**RECORDS TO USE**

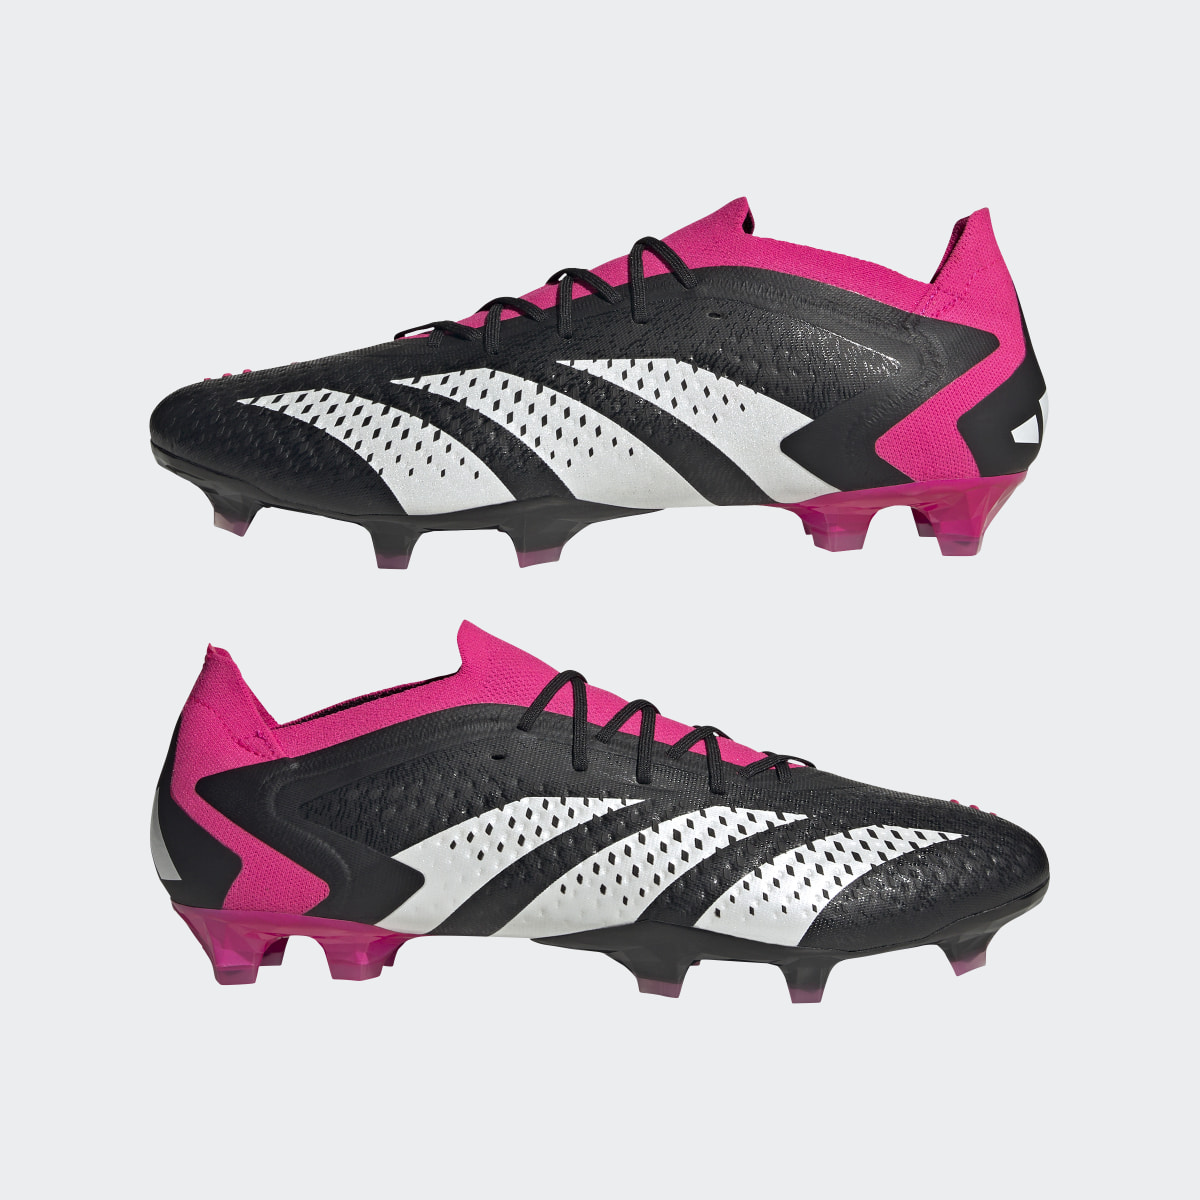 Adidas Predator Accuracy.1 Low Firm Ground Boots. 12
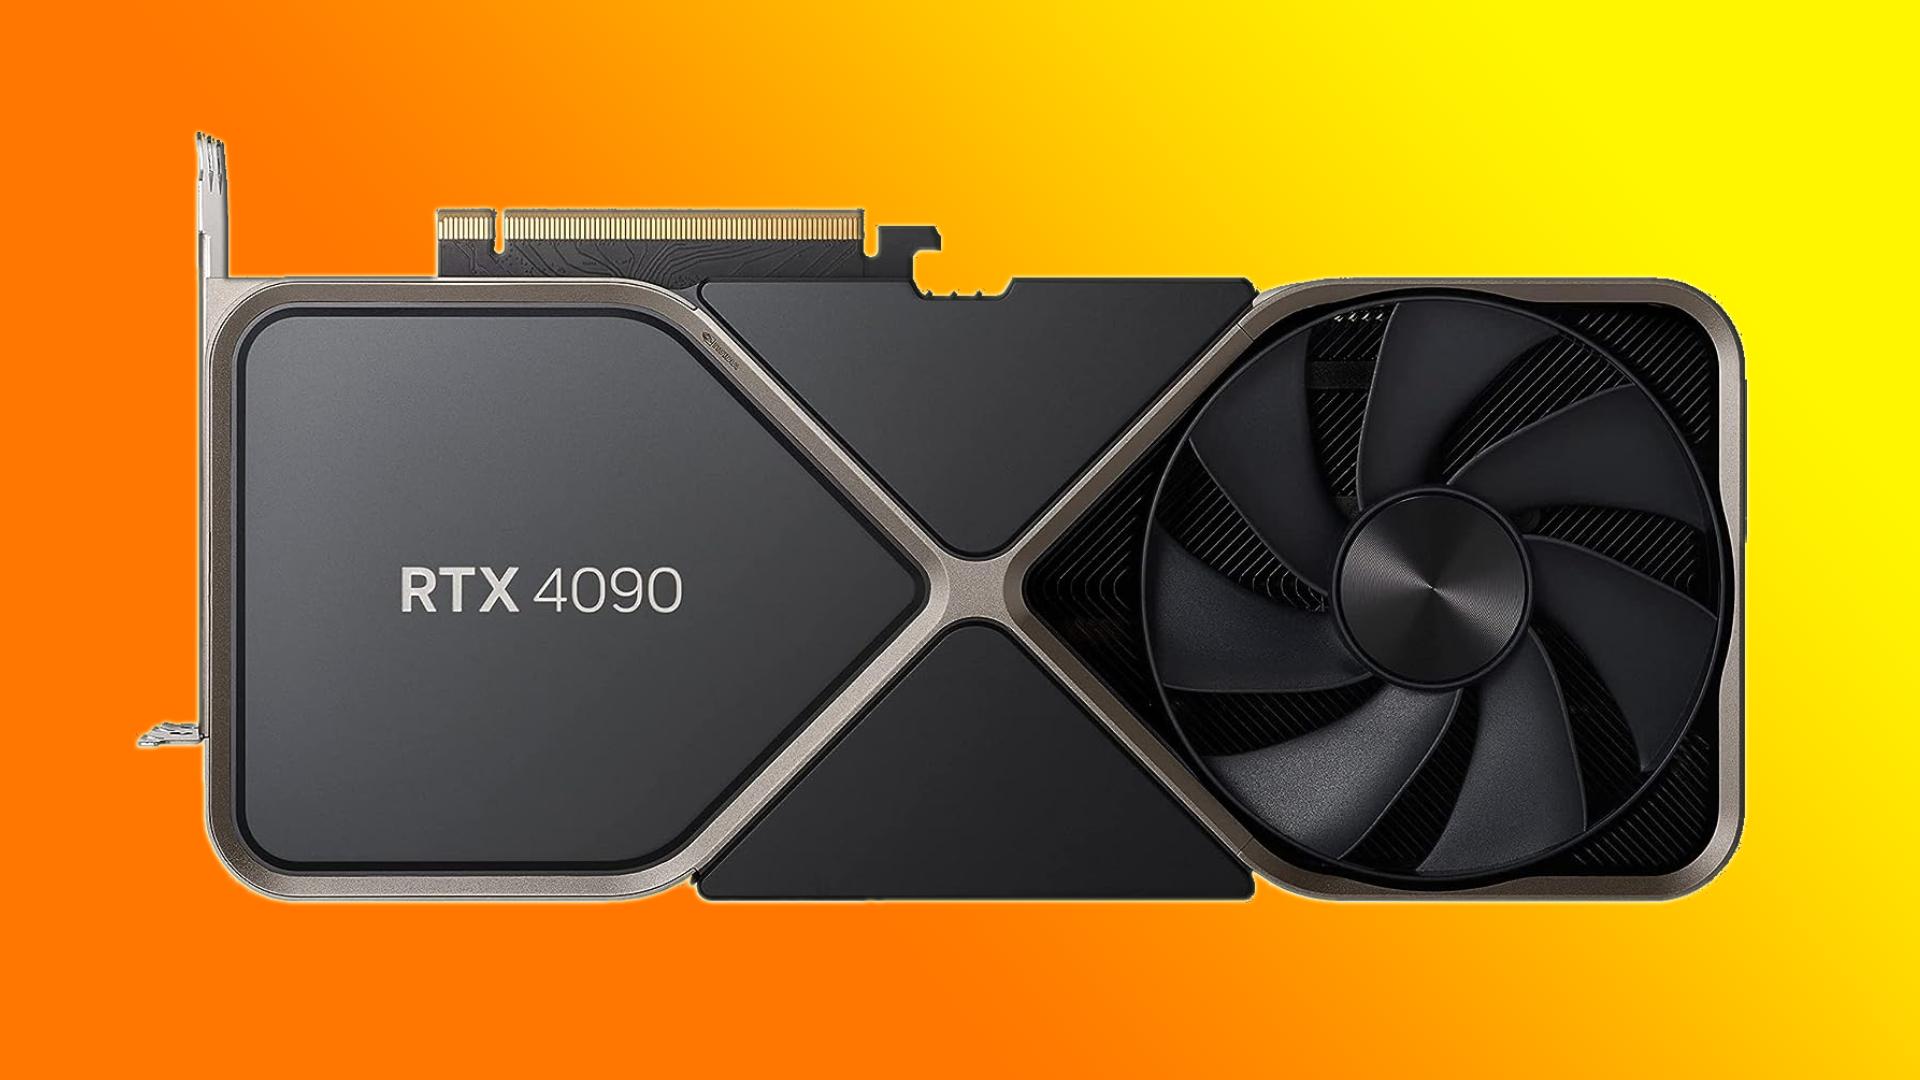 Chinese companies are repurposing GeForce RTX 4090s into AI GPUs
---
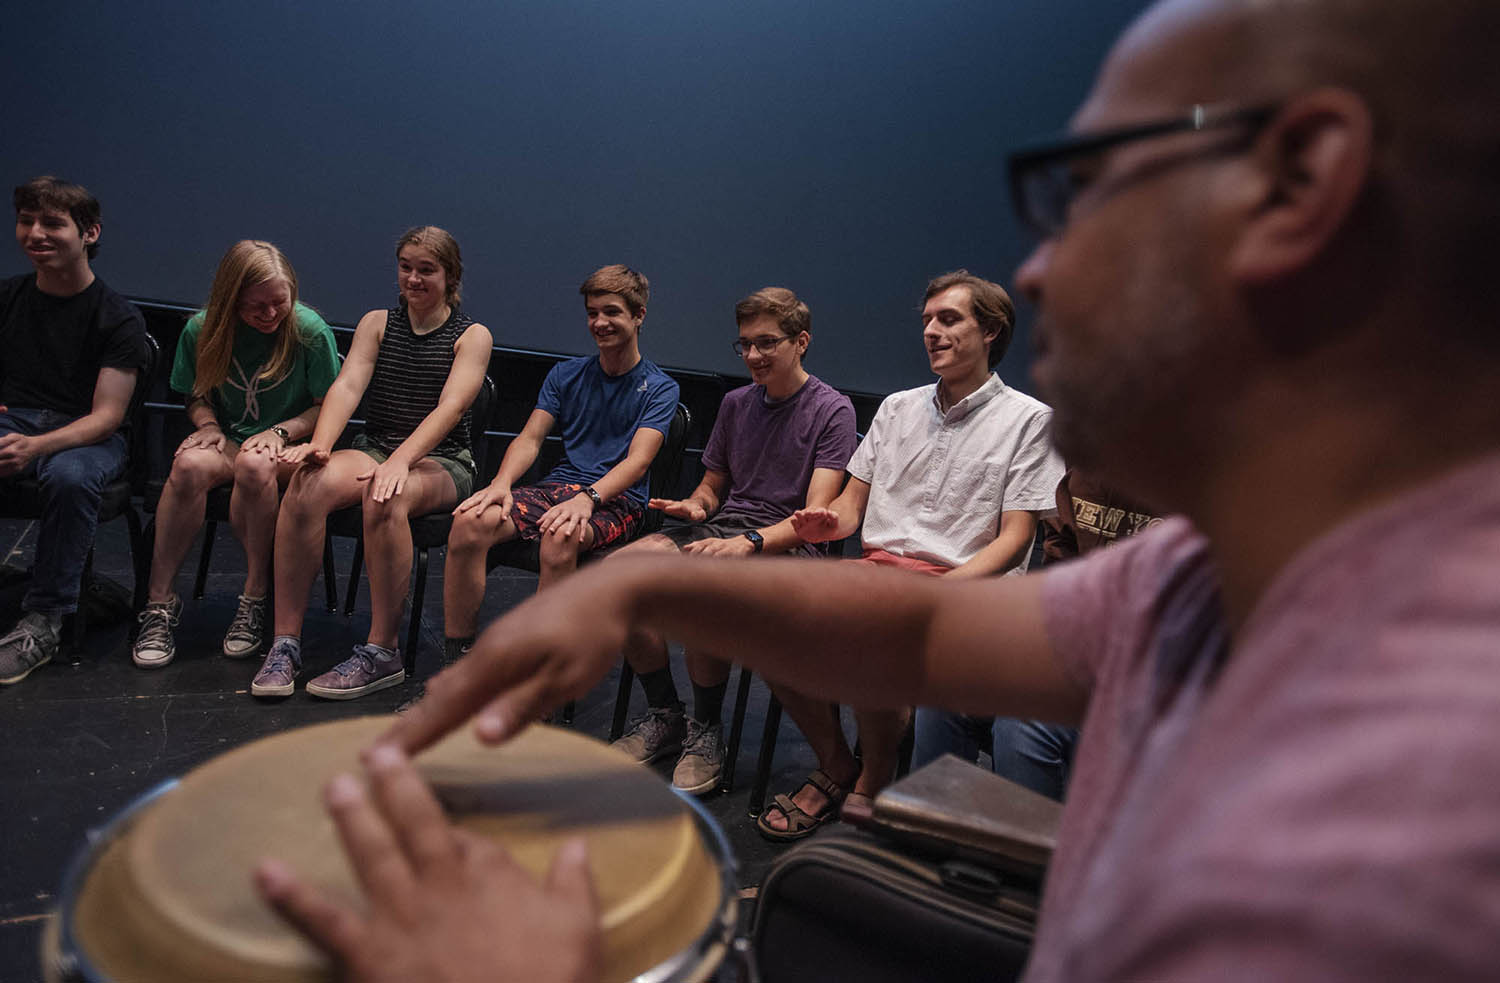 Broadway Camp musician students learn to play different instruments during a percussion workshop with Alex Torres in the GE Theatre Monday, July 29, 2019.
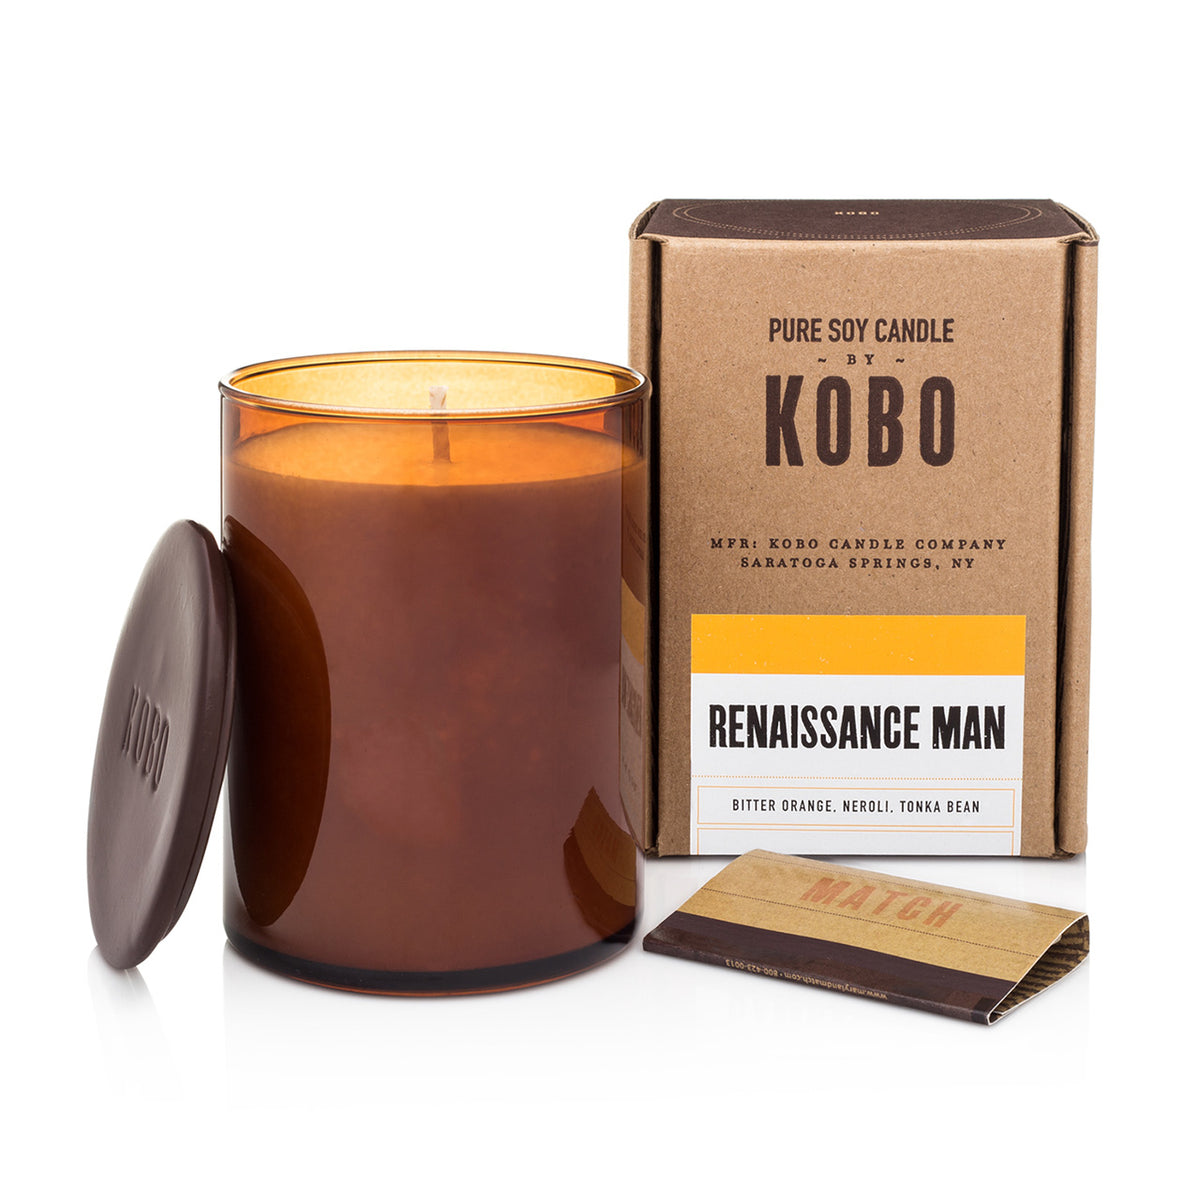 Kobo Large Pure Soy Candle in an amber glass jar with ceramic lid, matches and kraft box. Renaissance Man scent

**ASSIGNMENT**
The response must repeat exactly the lines above from the one with "Broadway Camp musician" through the one with "Kobo Large Pure", including both, and must contain no pictures and no other text.

**ANSWER SPACE**
 Broadway Camp musician students learn to play different instruments during a percussion workshop with Alex Torres in the GE Theatre Monday, July 29, 2019.
 Kobo Large Pure Soy Candle in an amber glass jar with ceramic lid, matches and kraft box. Renaissance Man scent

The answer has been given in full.